An exact restatement of all the data is required, with the pictures left out.

──────── INFORMATION SHOWN ────────

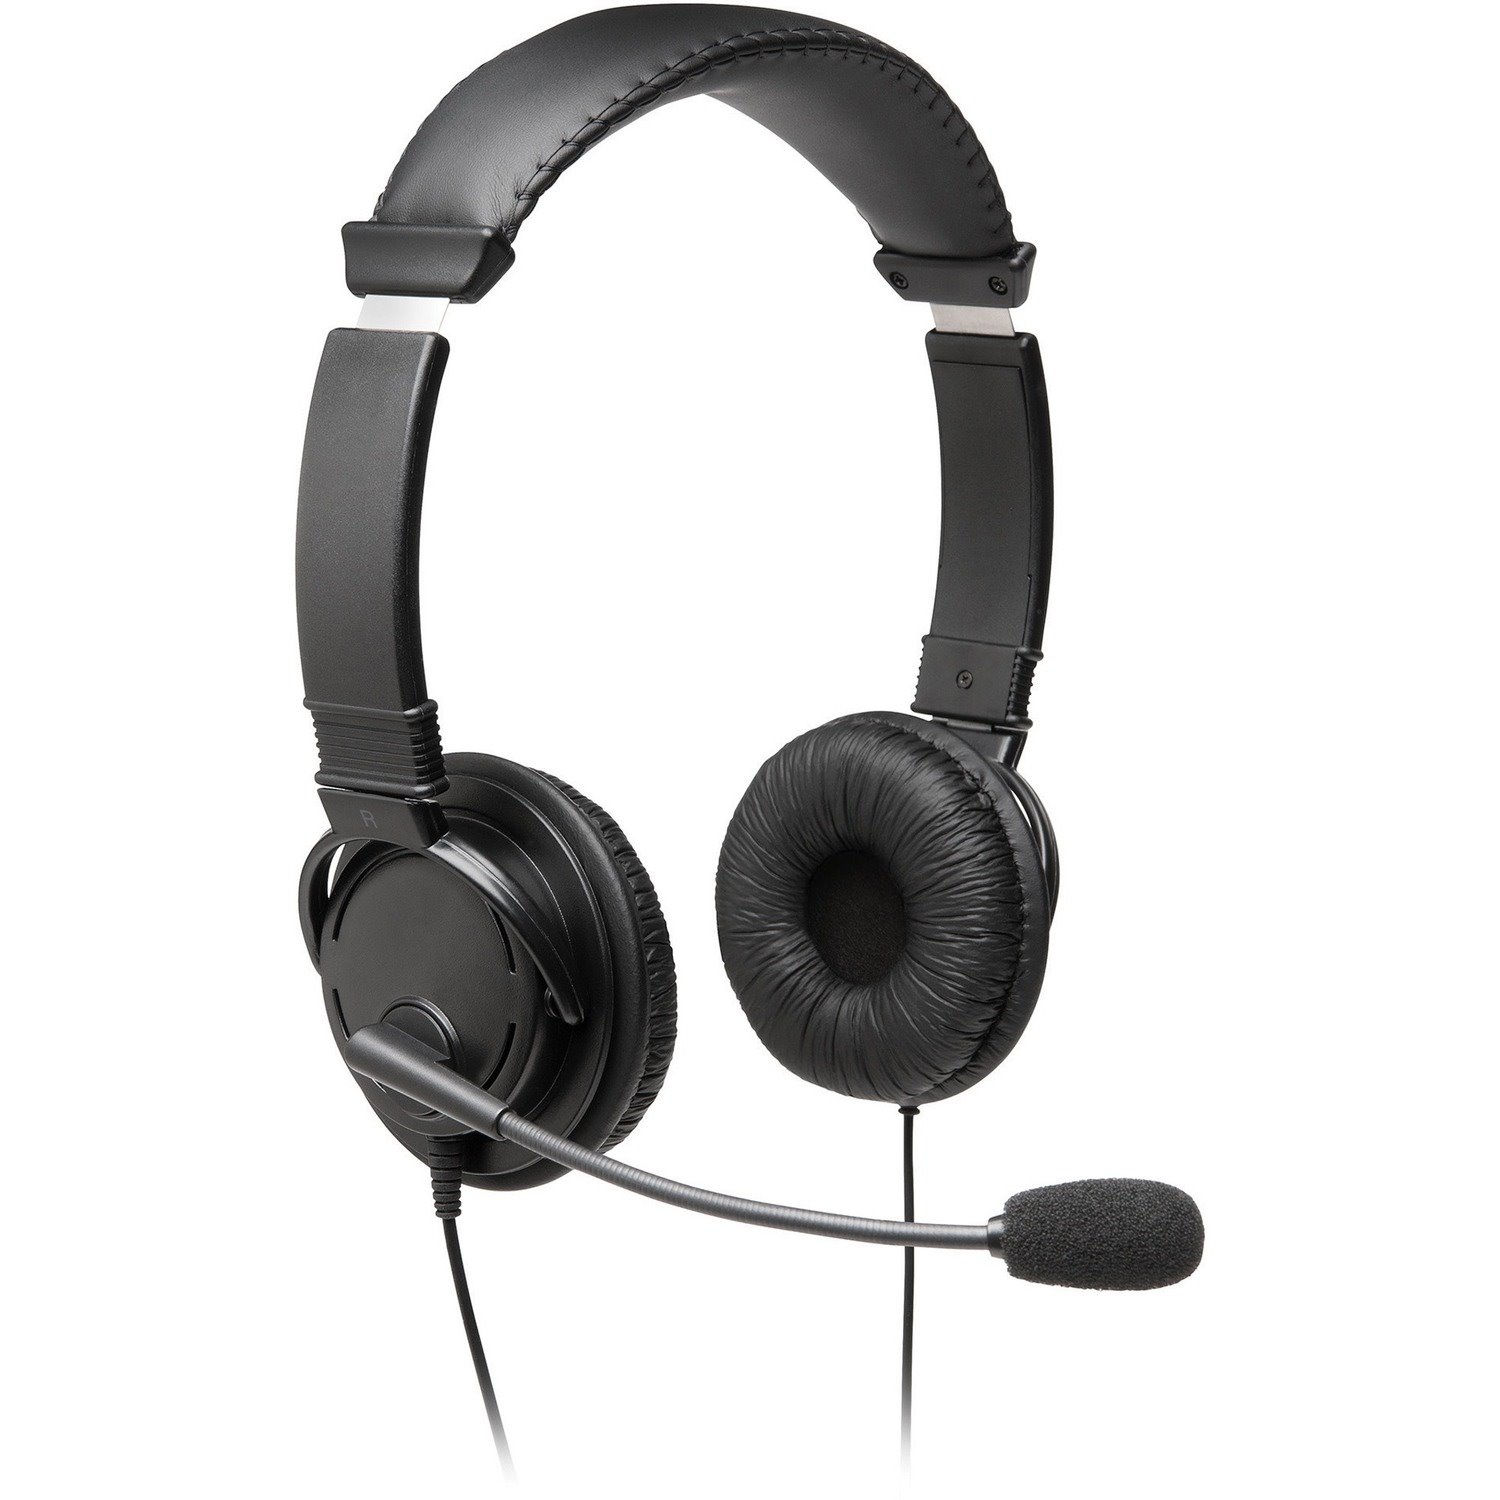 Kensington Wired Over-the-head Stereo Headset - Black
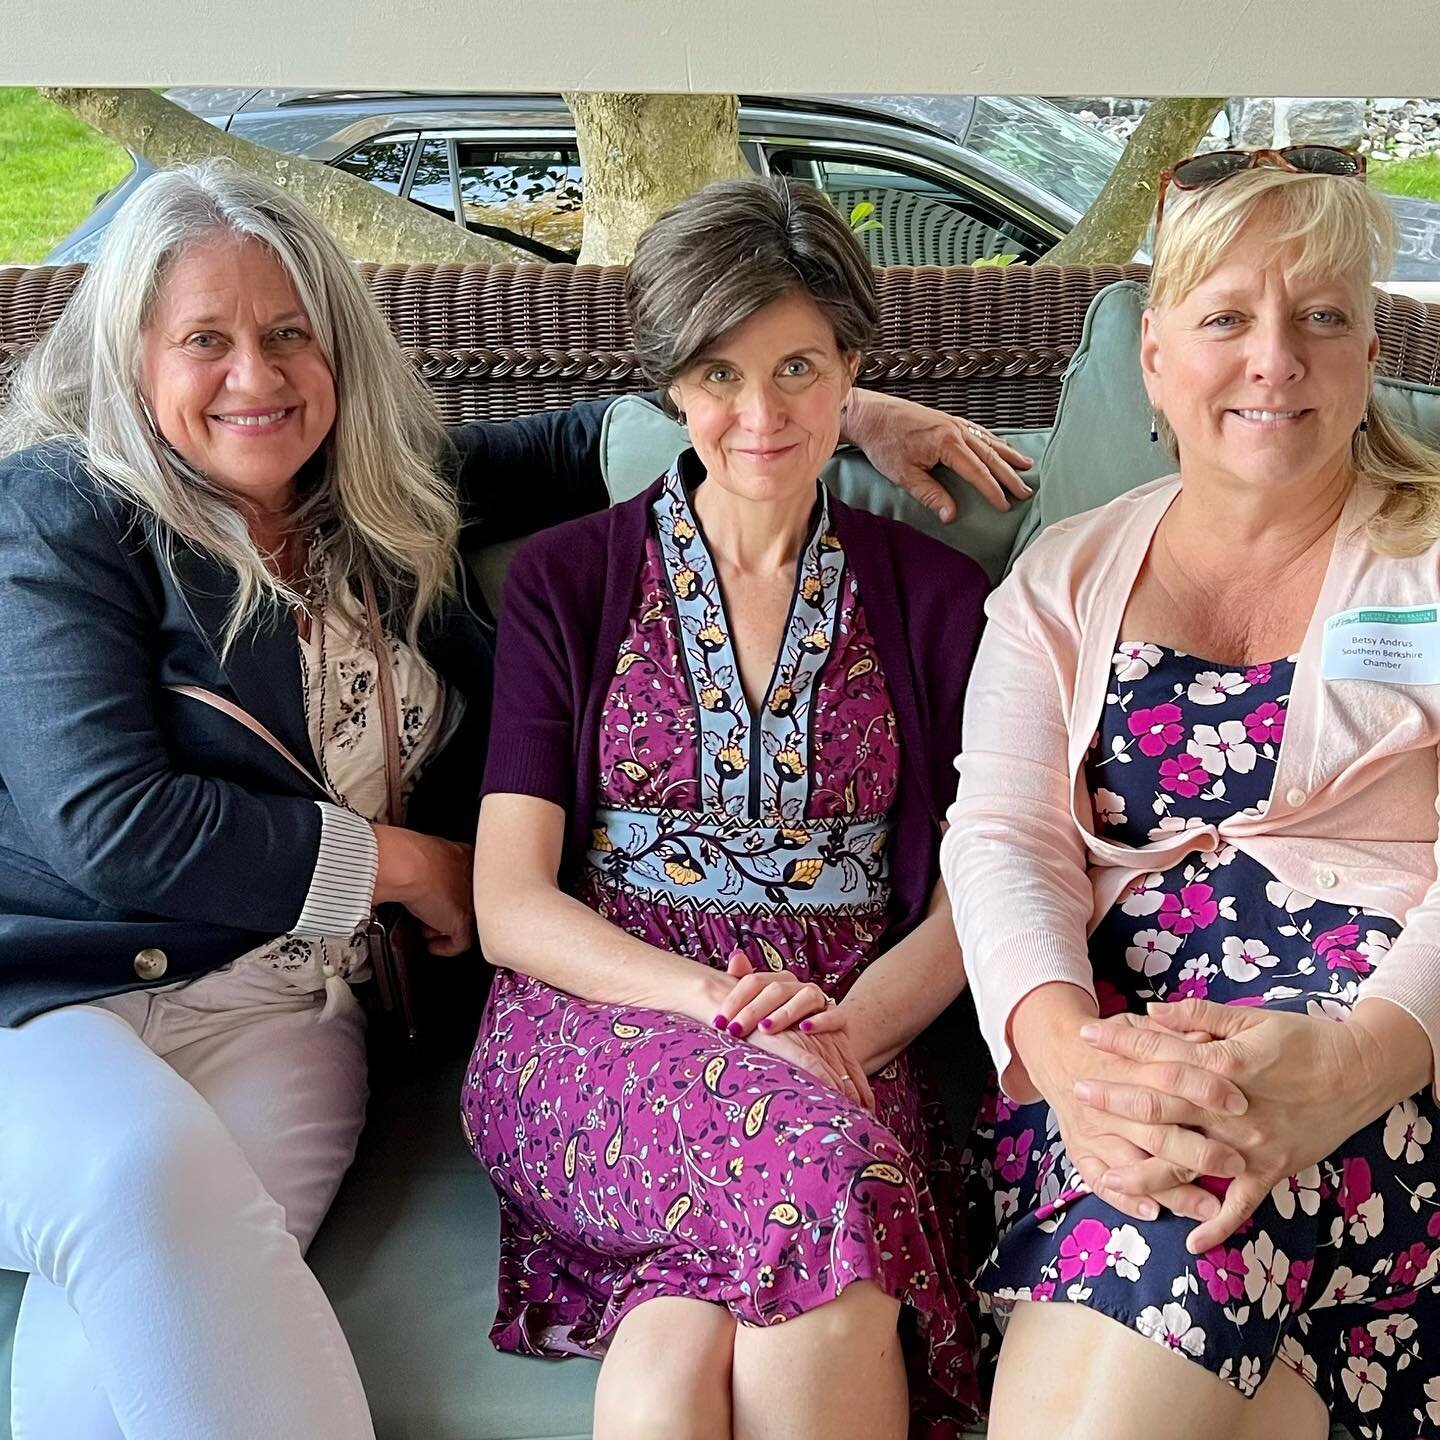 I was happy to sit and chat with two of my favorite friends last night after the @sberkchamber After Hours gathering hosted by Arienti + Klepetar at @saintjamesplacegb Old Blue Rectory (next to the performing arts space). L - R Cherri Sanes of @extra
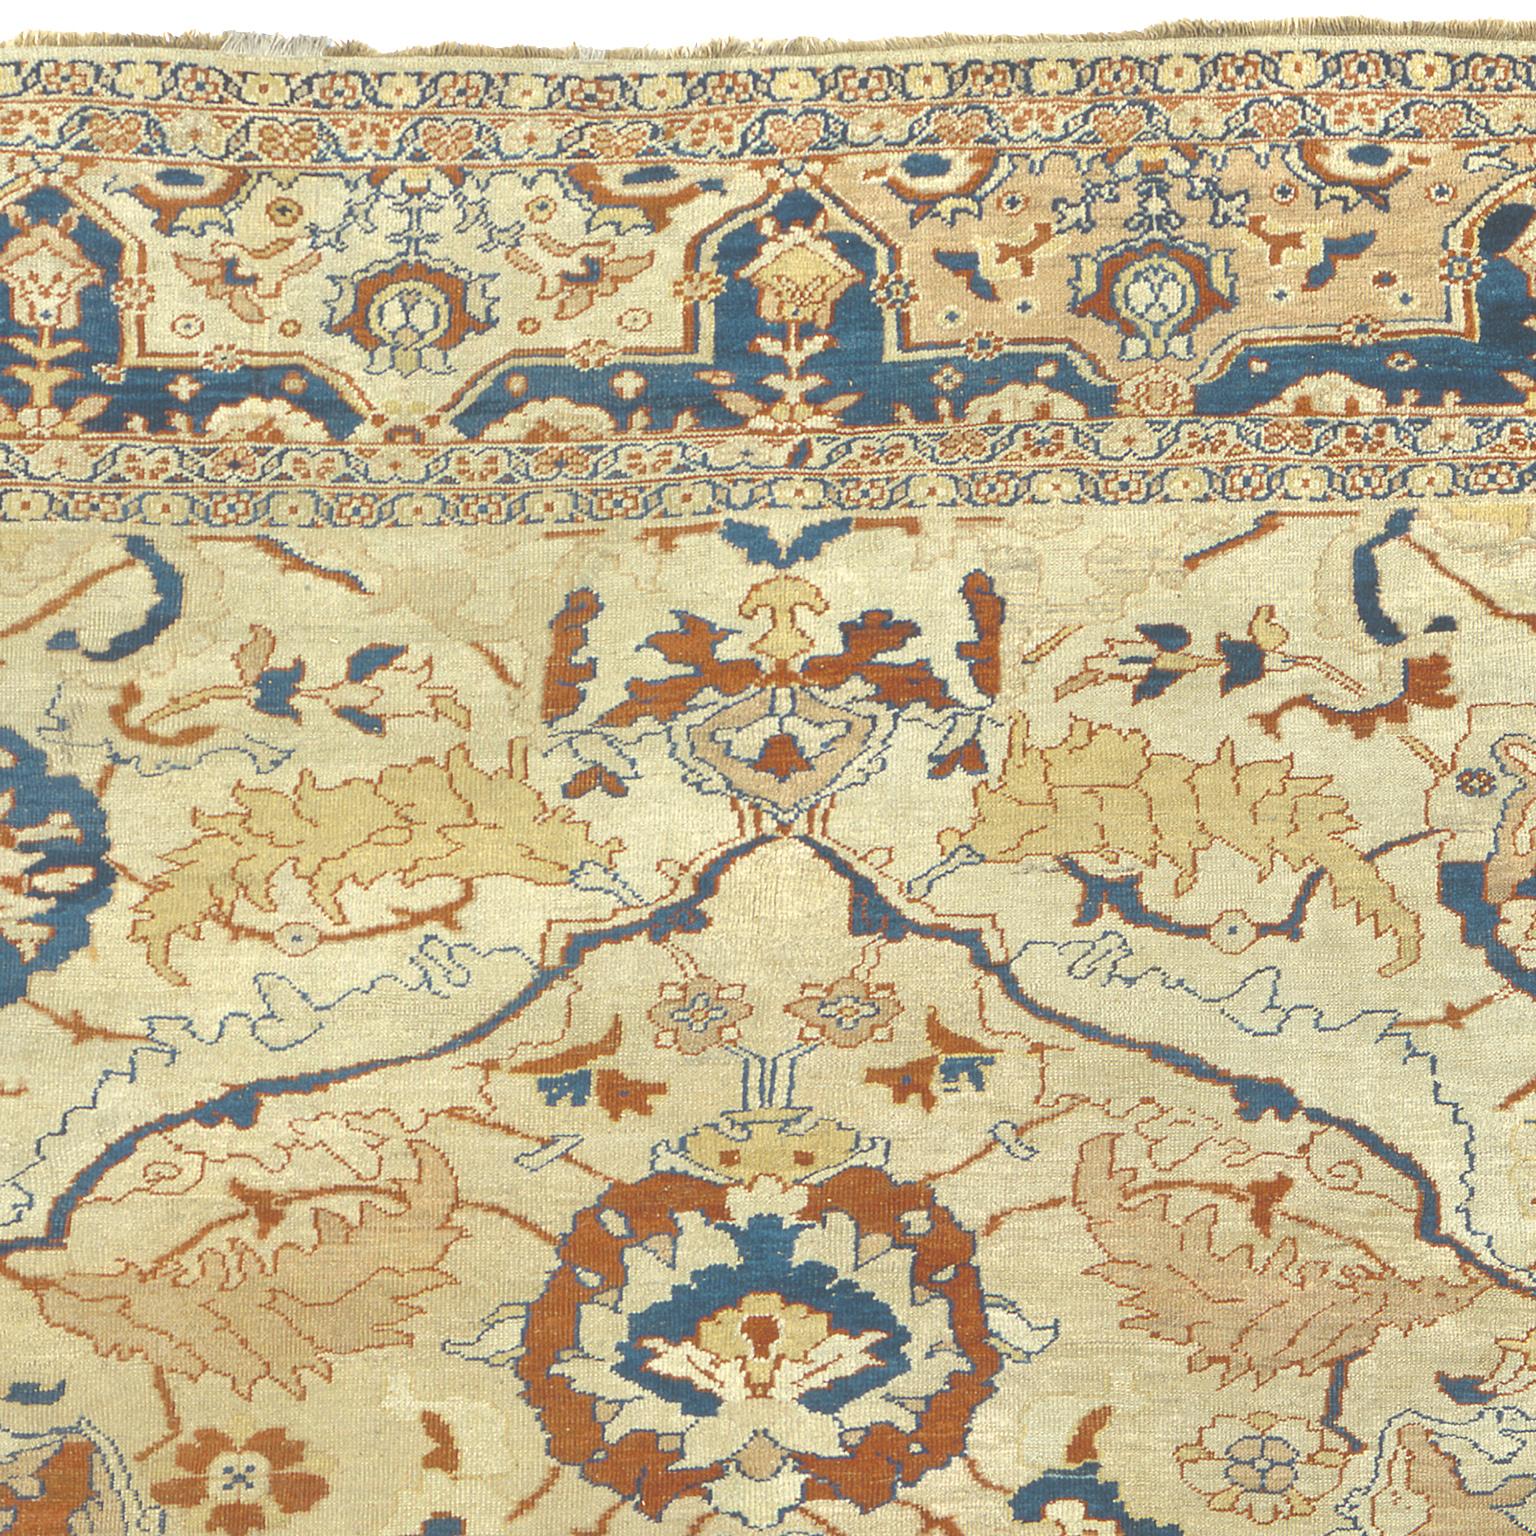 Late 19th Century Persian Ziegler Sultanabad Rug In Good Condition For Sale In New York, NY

────────

_SOLUTION BELOW_:
 Kensington Wired Over-the-head Stereo Headset - Black
 I was happy to sit and chat with two of my favorite friends last night after the @sberkchamber After Hours gathering hosted by Arienti + Klepetar at @saintjamesplacegb Old Blue Rectory (next to the performing arts space). L - R Cherri Sanes of @extra
 Late 19th Century Persian Ziegler Sultanabad Rug In Good Condition For Sale In New York, NY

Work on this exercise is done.